Data supplied ▸
....
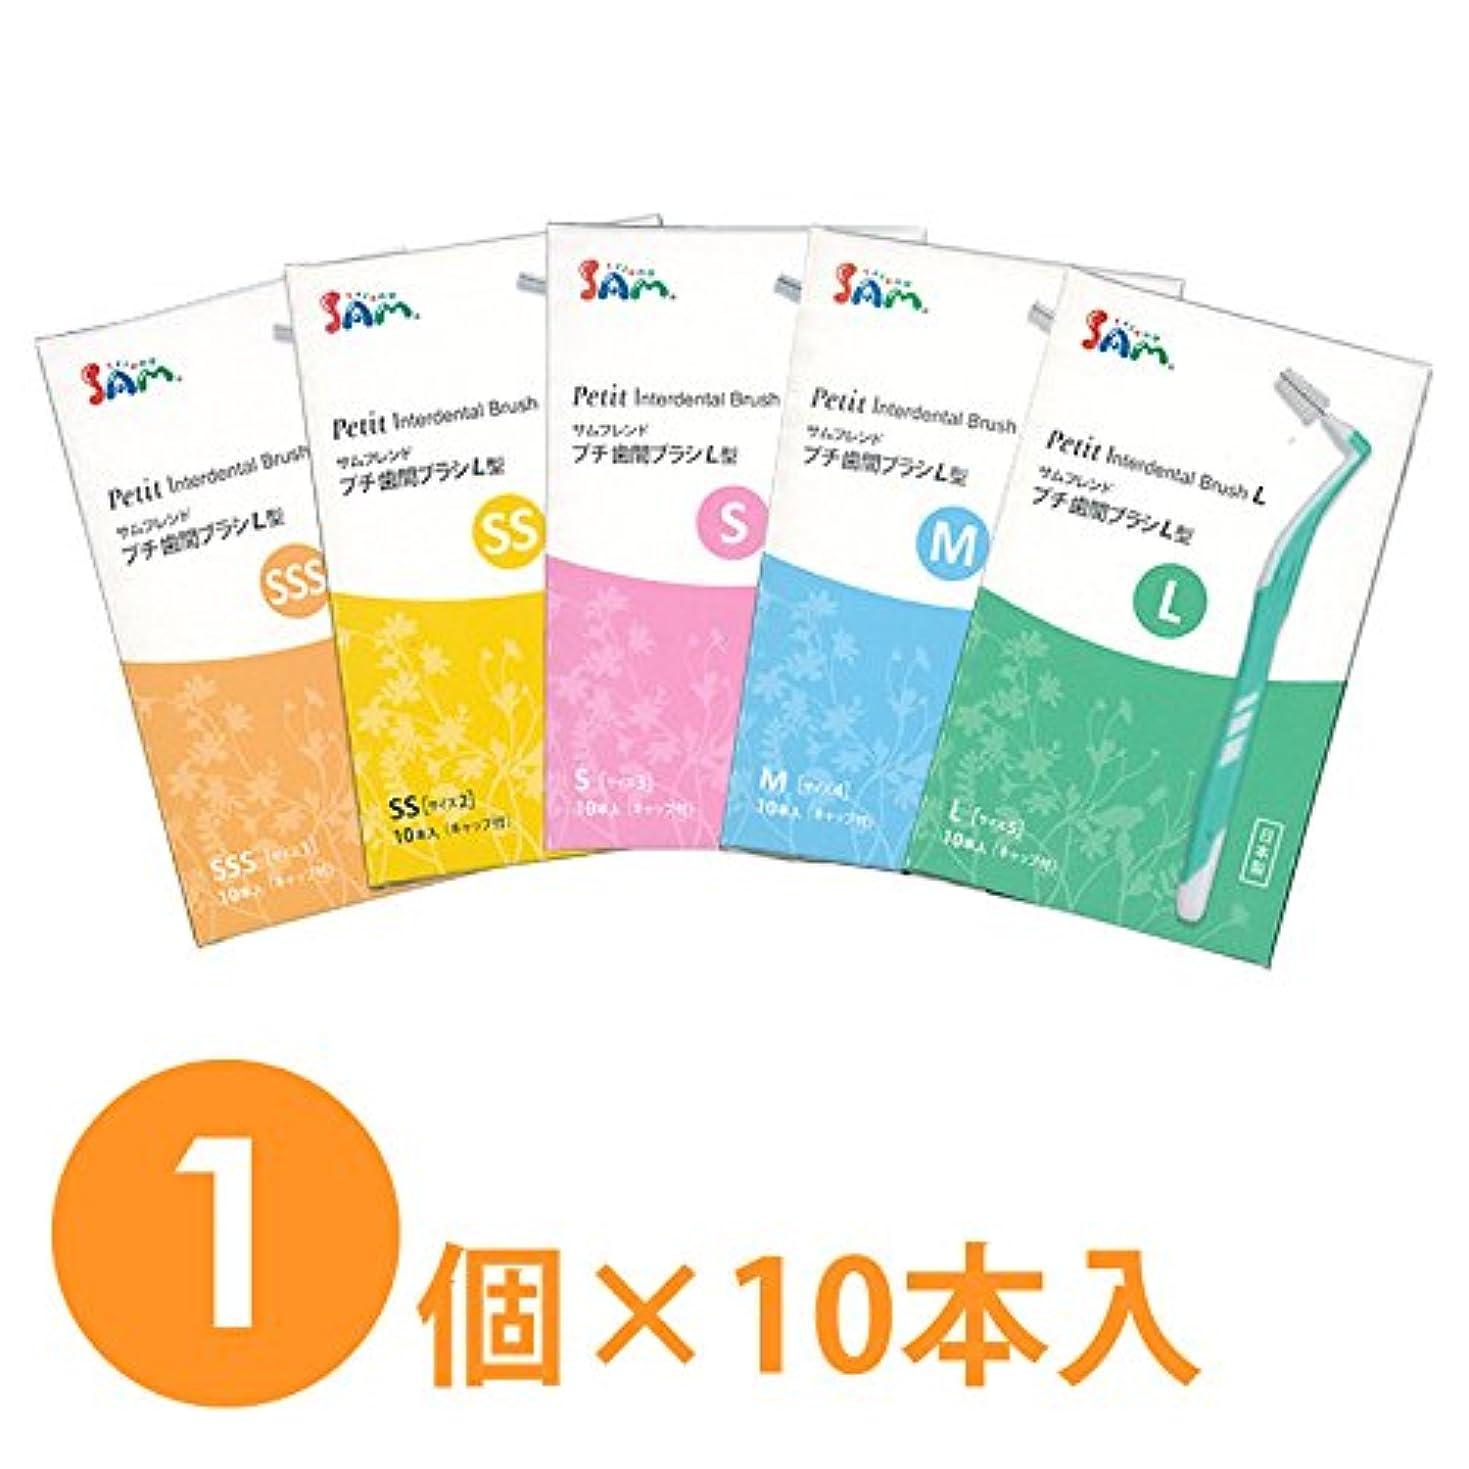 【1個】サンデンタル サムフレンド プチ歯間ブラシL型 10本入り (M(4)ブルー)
....
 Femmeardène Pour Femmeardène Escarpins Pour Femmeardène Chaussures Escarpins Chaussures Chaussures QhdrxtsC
....
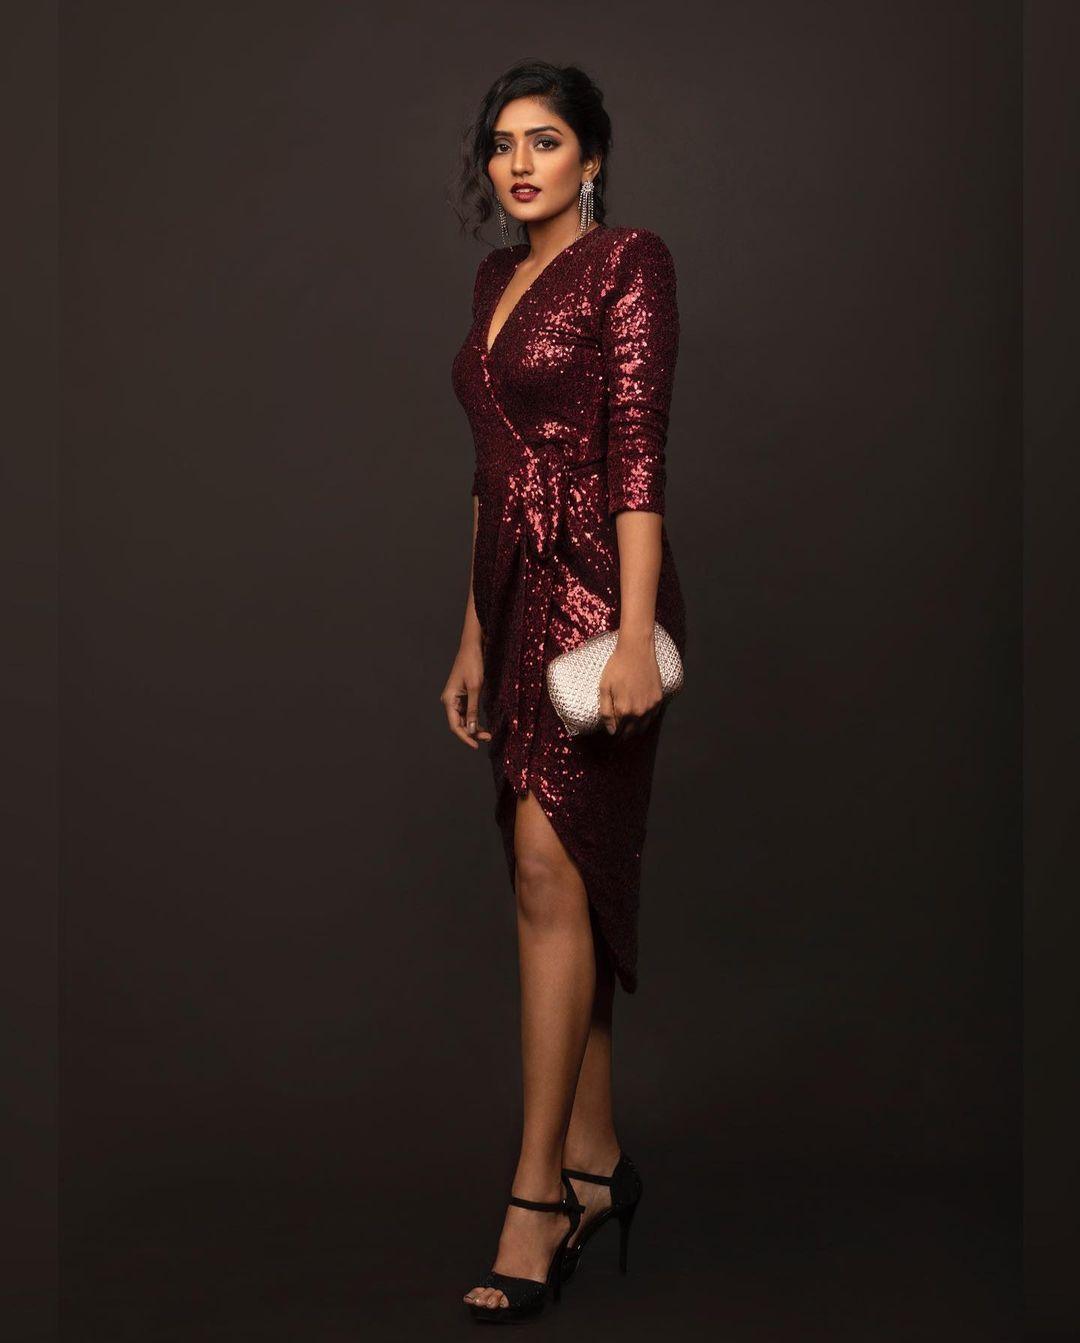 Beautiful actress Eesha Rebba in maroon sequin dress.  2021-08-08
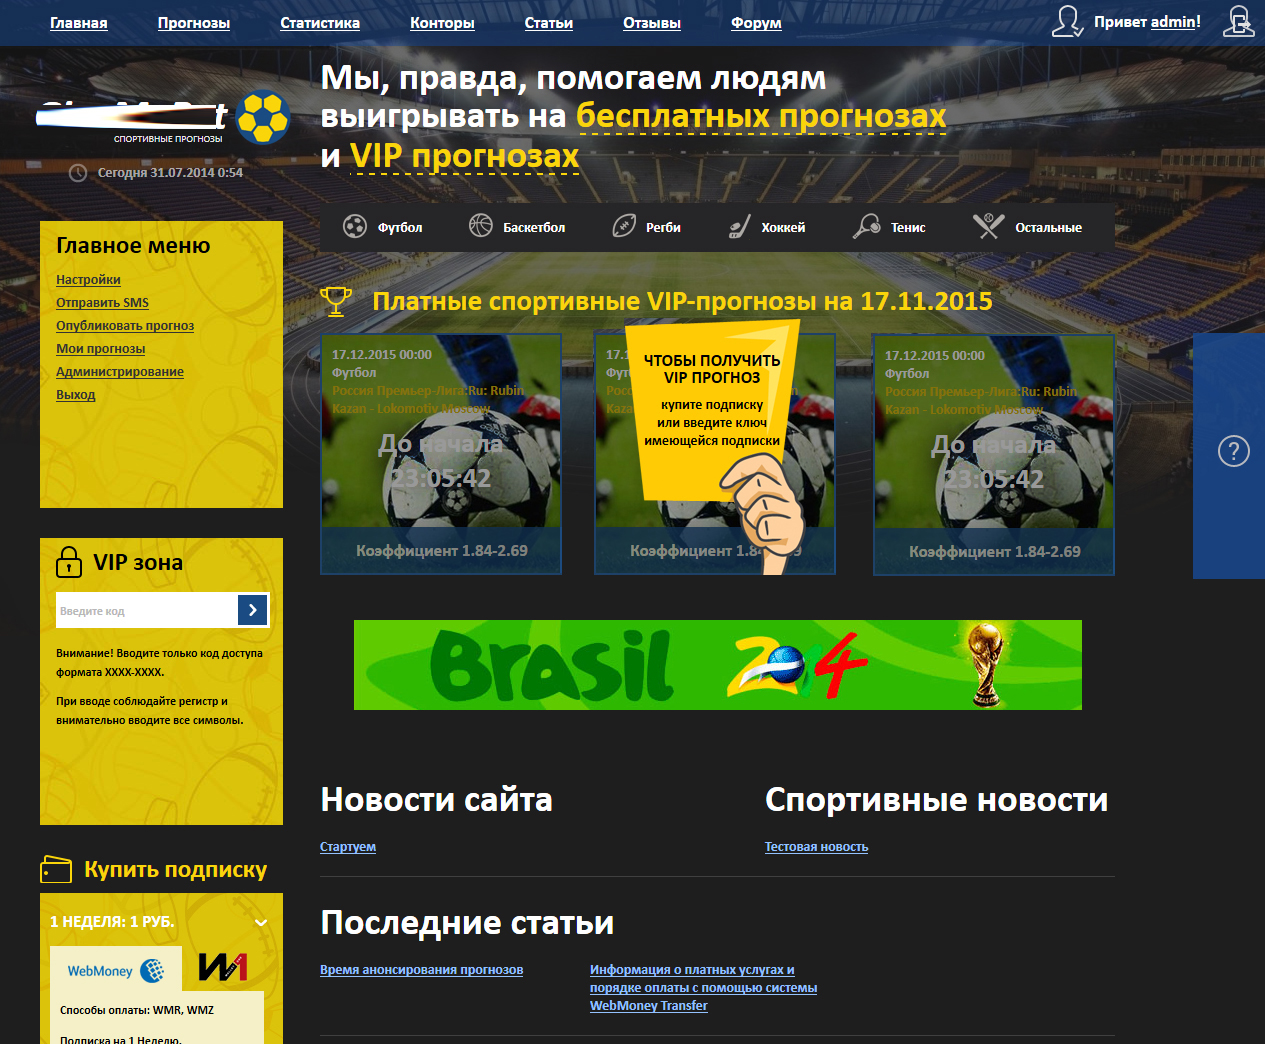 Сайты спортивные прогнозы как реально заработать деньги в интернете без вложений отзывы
....
Exercise objective ▸
Range to print from the listing above: from the line with "Beautiful actress Eesha" up to and including the line with "Сайты спортивные прогнозы". Please print those lines exactly, with no pictures and nothing more.

Answer space ▸
 Beautiful actress Eesha Rebba in maroon sequin dress.  2021-08-08
 Сайты спортивные прогнозы как реально заработать деньги в интернете без вложений отзывы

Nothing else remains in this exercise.